Biostatistics and Bioinformatics Section Committee
The SSA Biostatistics and Bioinformatics Section aims to connect and support biostatisticians and bioinformaticians across Australia. In July 2017, Sabine Braat and Karen Lamb were appointed as co-Chairs of the SSA Biostatistics and Bioinformatics Section and formed a committee to help guide biostatistics and bioinformatics events across Australia. The Biostatistics and Bioinformatics section committee includes individuals from a range of backgrounds with diverse expertise:
Sabine is a biostatistician at the University of Melbourne and has 20 years experience working in the pharmaceutical industry and university settings. She is an expert in the design, analysis, and reporting of clinical trials.
Karen is a biostatistician and senior research fellow in the Generation Victoria (GenV) team at the Murdoch Children’s Research Institute in Melbourne. Karen’s research interests are varied but her primary research focus is on advancing the understanding of neighbourhood effects on health through the application and development of novel statistical methods.
Nicole De La Mata is an early-career biostatistician working at the The University of Sydney School of Public Health. Nicole’s research uses data linkage and observational cohorts to outcomes in people with end-stage kidney disease and assess disease transmission in organ donors in NSW.
Alysha De Livera is an academic in the Centre for Epidemiology and Biostatistics at the University of Melbourne, with applied and methodological interests in biostatistics and bioinformatics.

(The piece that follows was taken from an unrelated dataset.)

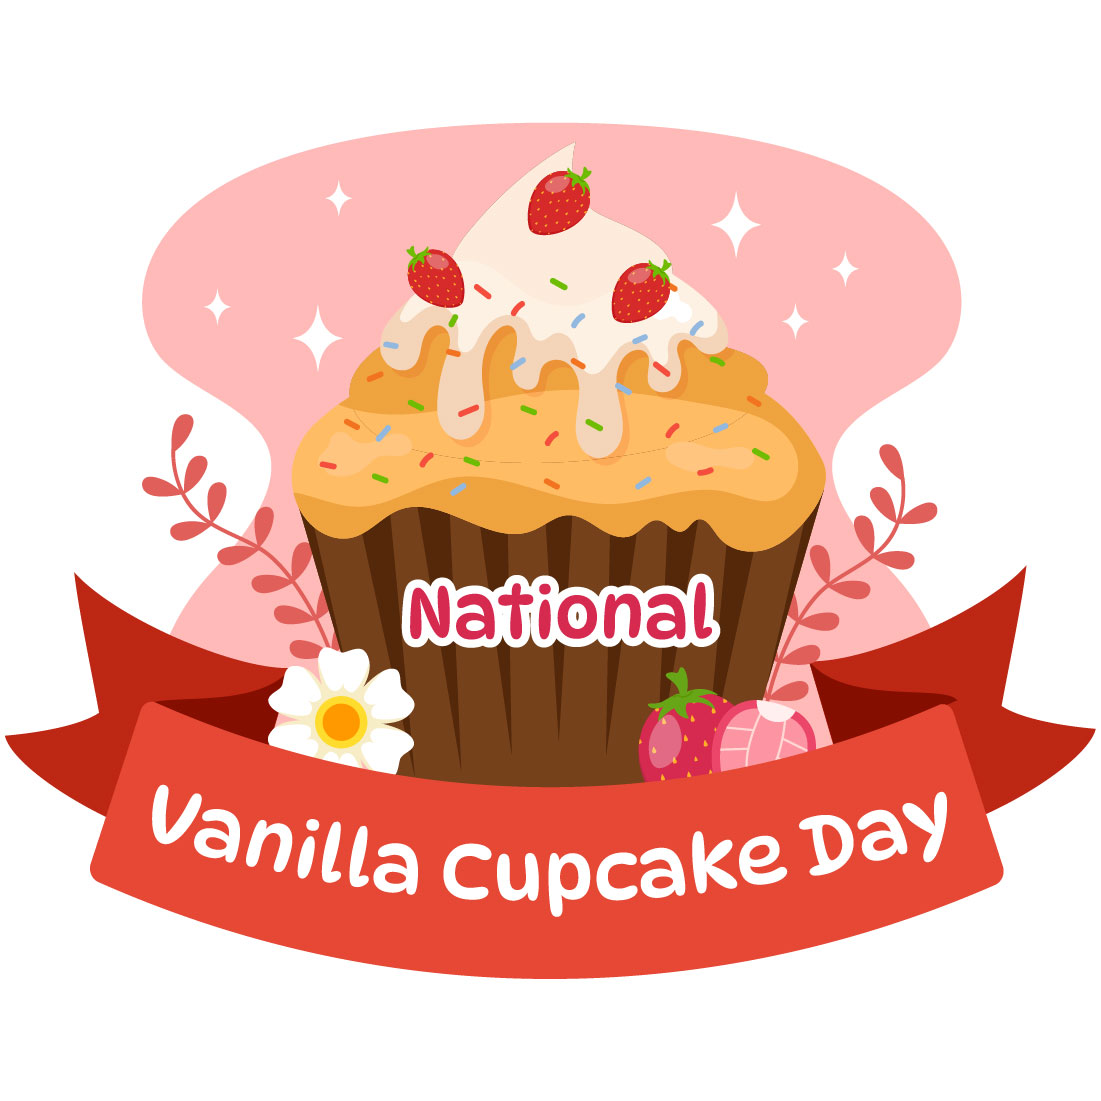 10 National Vanilla Cupcake Day Illustration preview image.
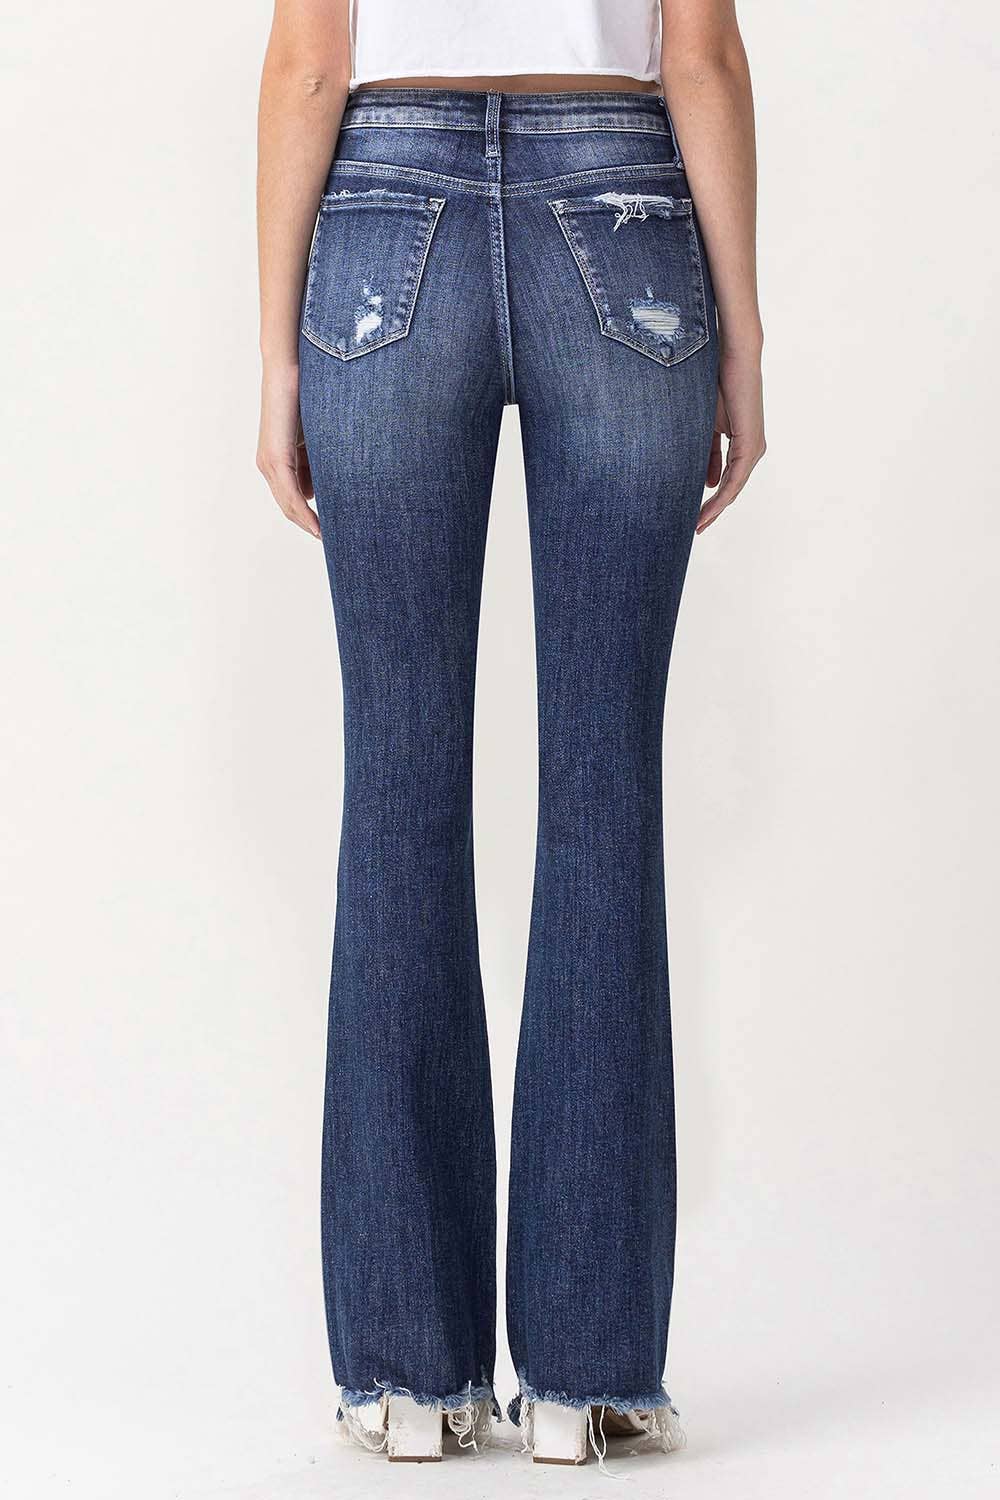 HIGH RISE FLARE JEANS: Dazzle

Jaimi Greenslade is a researcher and biostatistician at the Emergency and Trauma Centre of the Royal Brisbane and Women’s Hospital. Her research interest is in the diagnosis of patients with chest pain and infection.
Murthy Mittinty is a senior research fellow in the School of Public Health at the University of Adelaide. His research interests are in application of statistical methods to problems concerning public health, design and analysis of observational data, imputation of missing data and causal inference.